Когда мы вышли на улицу и Феликс, поймав такси, стал усаживать в него Игольникова, я тронул его за локоть и сказал:

- Феликс, давайте увидимся на днях. Поболтаем, старину вспомним. Вот, - я вырвал листок из записной книжки, - вот мой телефон. Позвоните мне, ну, хотя бы в четверг после шести.
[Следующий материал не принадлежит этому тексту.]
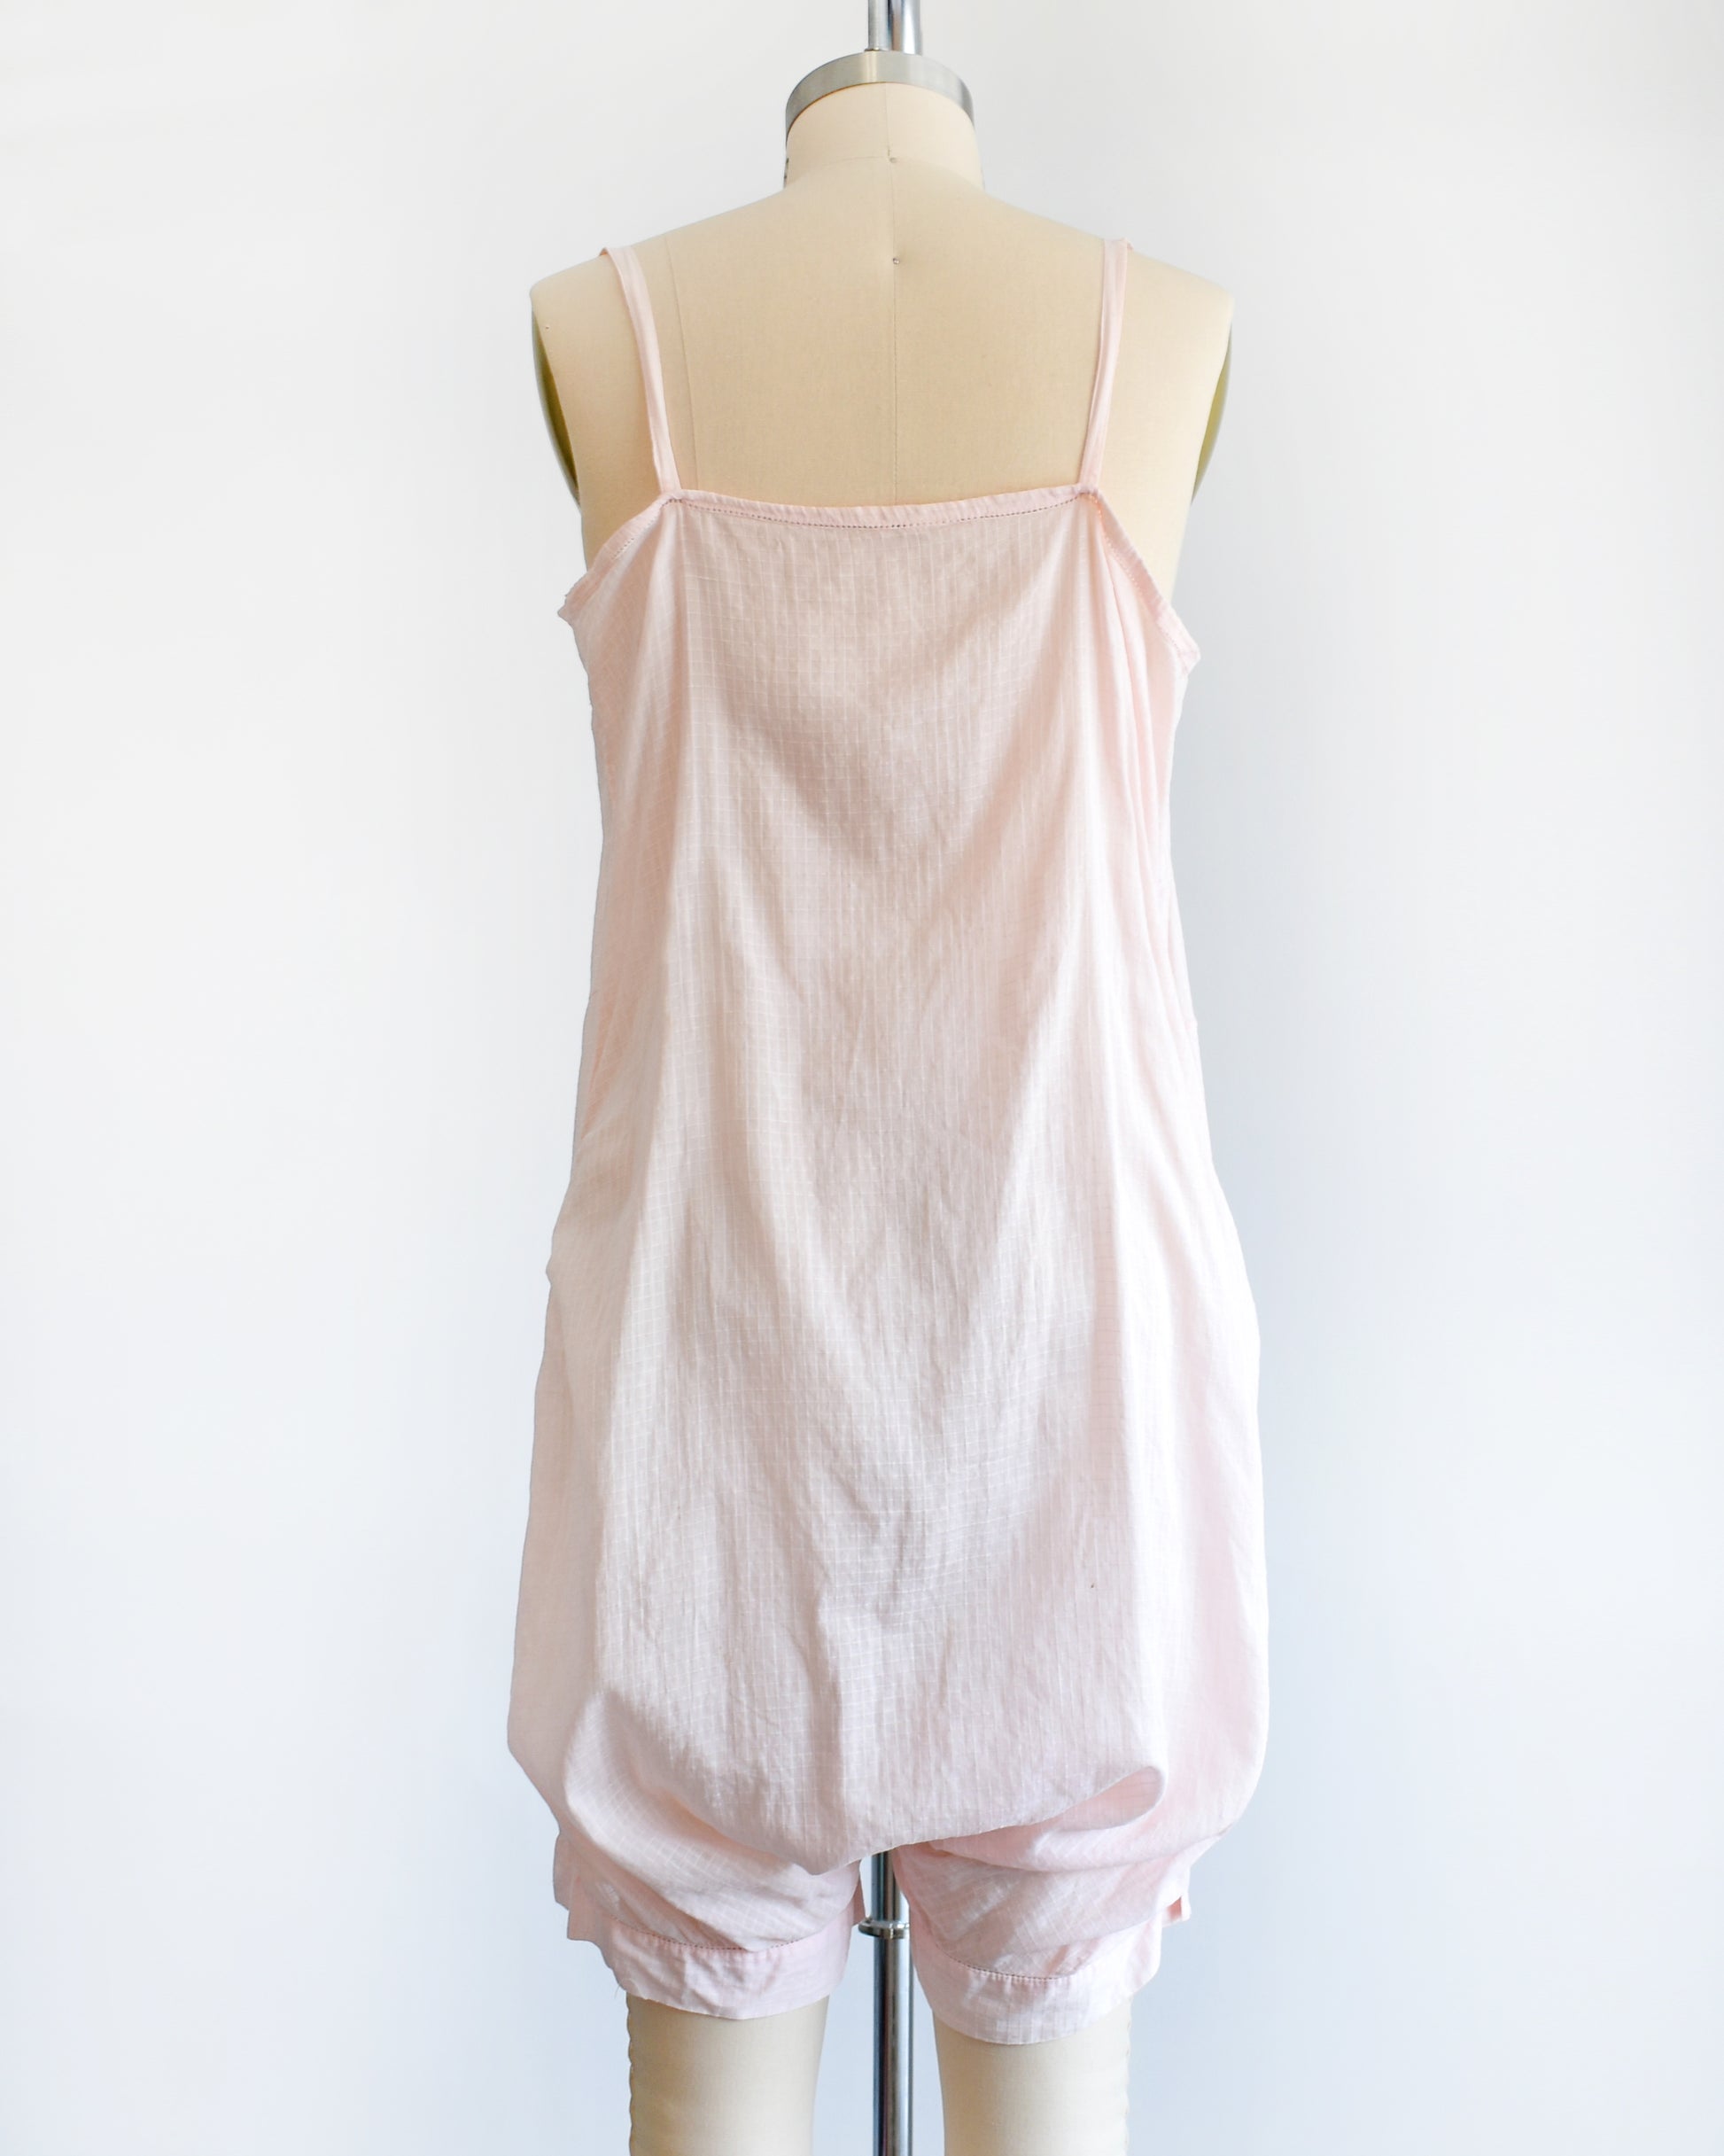 Back view of a vintage 1920s light pink chemise step in, which has spaghetti straps, square neckline, and snap buttons on the right side. The garment is on a dress form.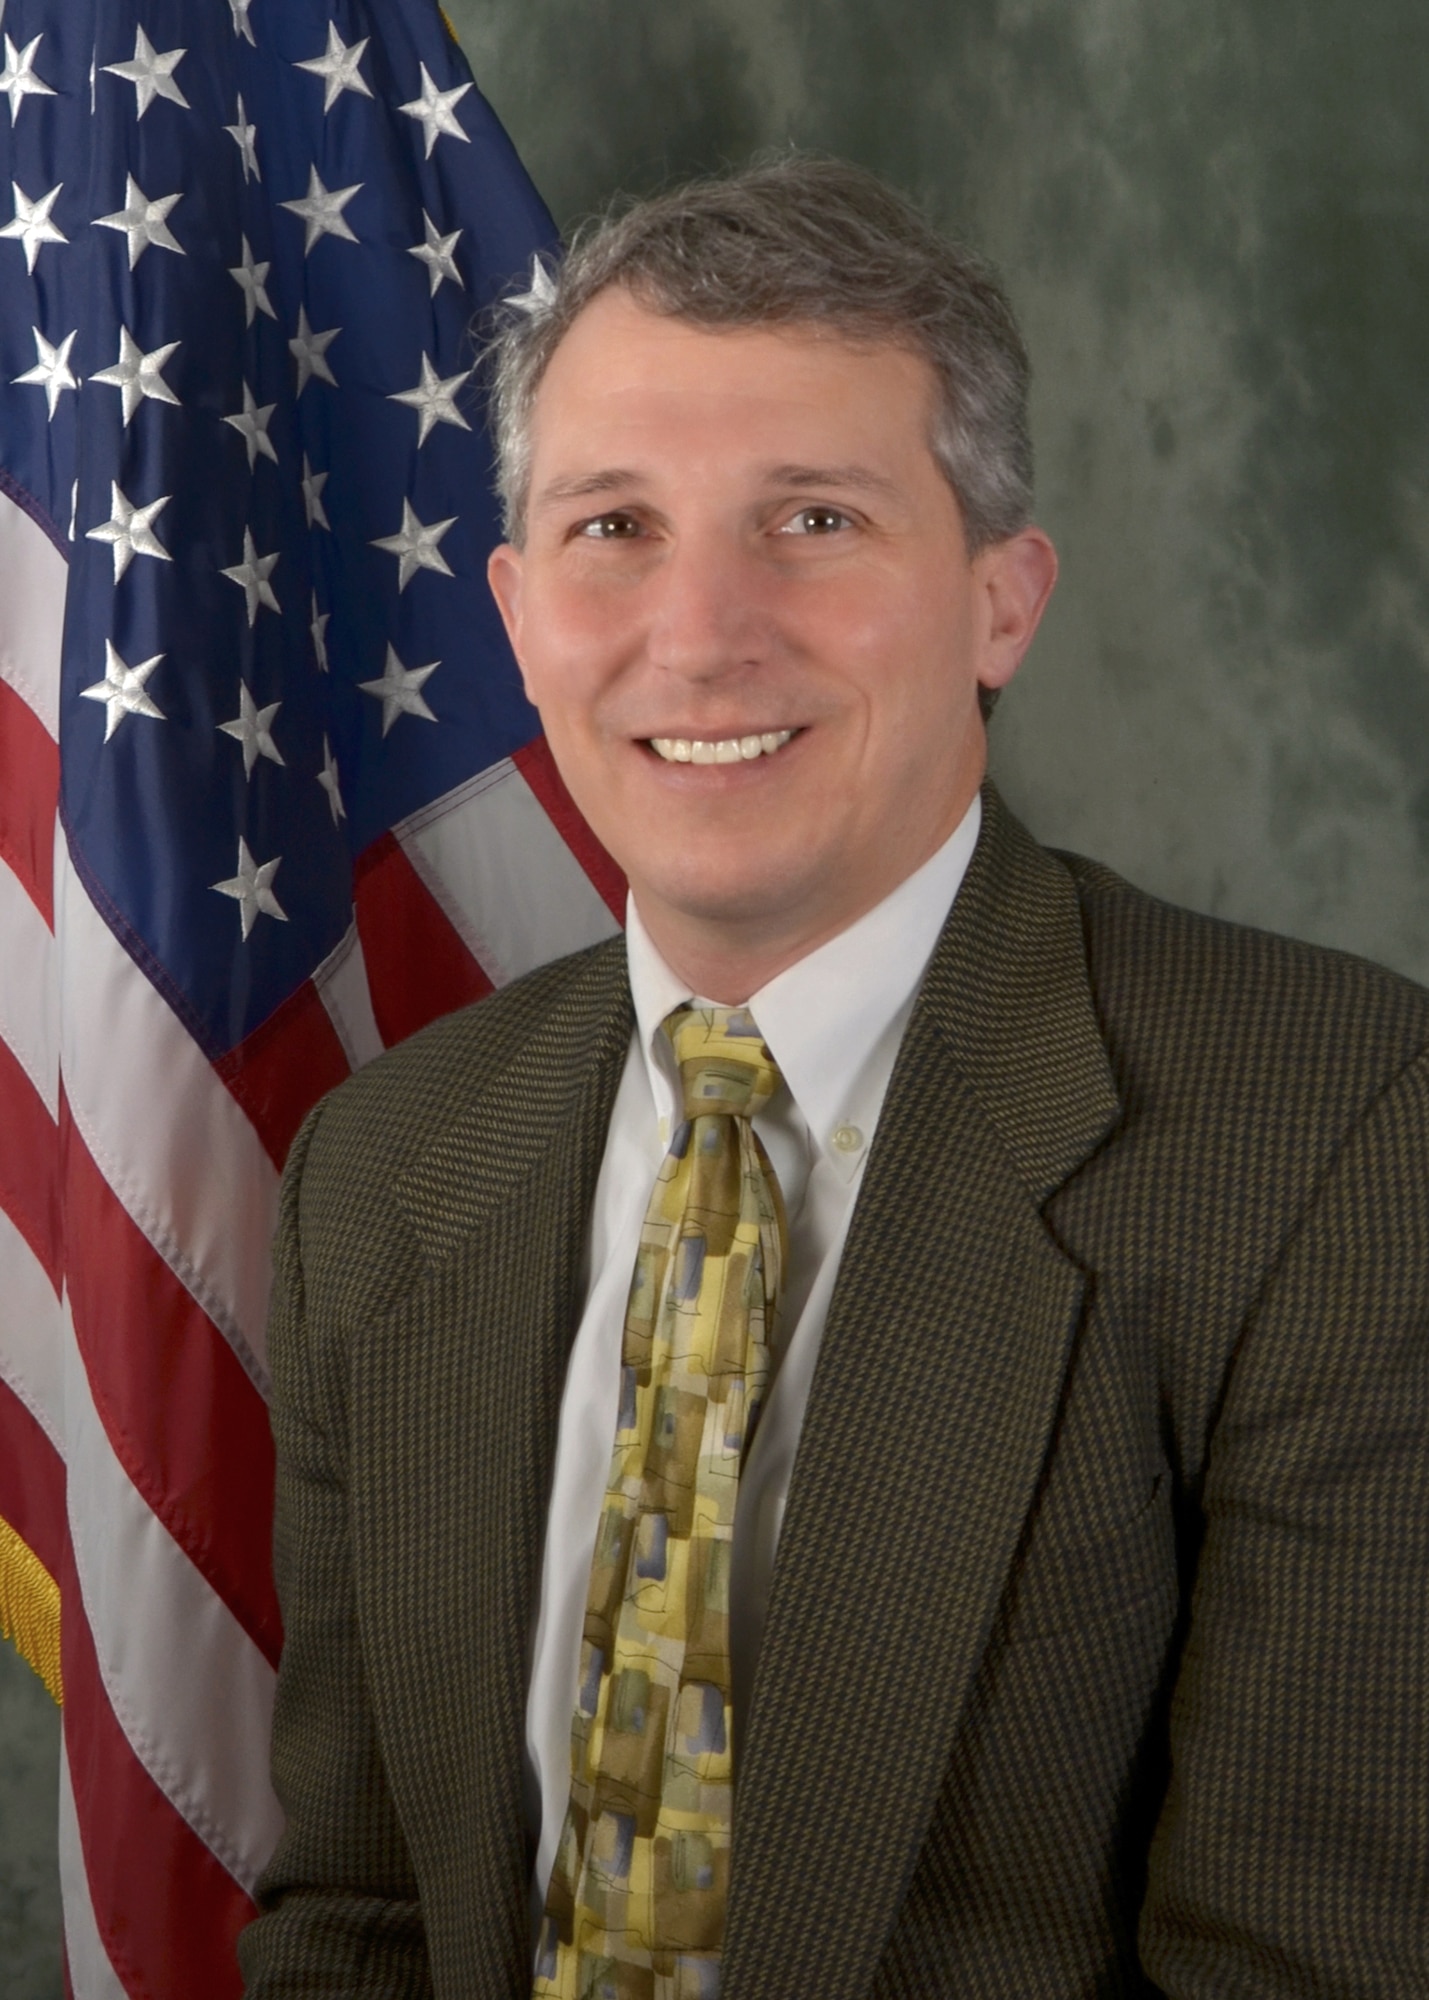 Dr. Richard A. Vaia, Chief Scientist at AFRL's Materials and Manufacturing Directorate, is a member of the National Academy of Engineering Class of 2020. (U.S. Air Force photo)

Феликс взял бумажку и сказал - очень медленно:

- У вас потрясающая выдержка, Виктор Вольский. Прямо зависть берет. Ну, что ж, я позвоню.

3.

Я смотрю на мое прошлое сквозь цветные стеклышки прожитых лет, и оно непостижимо окрашивается в радостные зеленые, синие и розовые тона. Я должен сделать усилие над собой, чтобы восстановить истинный колорит событий и впечатлений, людей и времени. Но даже если мне это удается, я не могу восстановить свое тогдашнее отношение. Я помню демонстрацию где-то около Стретенских ворот, ликующую демонстрацию по поводу смертного приговора героям процесса не то 37-го, не то 38-го года. Люди шли с лозунгами и портретами Ежова, шли от Колхозной площади к Лубянке. Странно, кстати, как всё перевернулось: Лубянка тогда уже называлась площадью Дзержинского, а Колхозная площадь, кажется, еще не была переименована, а вот ведь никак не могу вспомнить старое название. Слово "Лубянка"-то не забывается. Так вот, я посмотрел на демонстрацию, пришел домой и процитировал (я был начитанный мальчик): "Пристойно ли, скажите, сгоряча смеяться нам над жертвой палача?" Я ничего особенного не имел в виду, просто цитата показалась мне подходящей. Родителей так и перекосило... Какого цвета была эта демонстрация? Наверно, черного, а мне она помнится яркожелтой - был солнечный день. Я упорно и много раз восстанавливал серый осенний денек, поникшие кресты деревенского кладбища и себя, шестнадцатилетнего, первый раз в жизни берущего женщину. Как всё это было серо и непохоже на книжки! Но время, доброе время зеленит траву и проясняет небо, в нежный румянец окрашивает щёки двадцатичетырехлетней распутной бабенки. Ах, какой он колорист - сегодняшний день! Как он всё переиначит, переделает!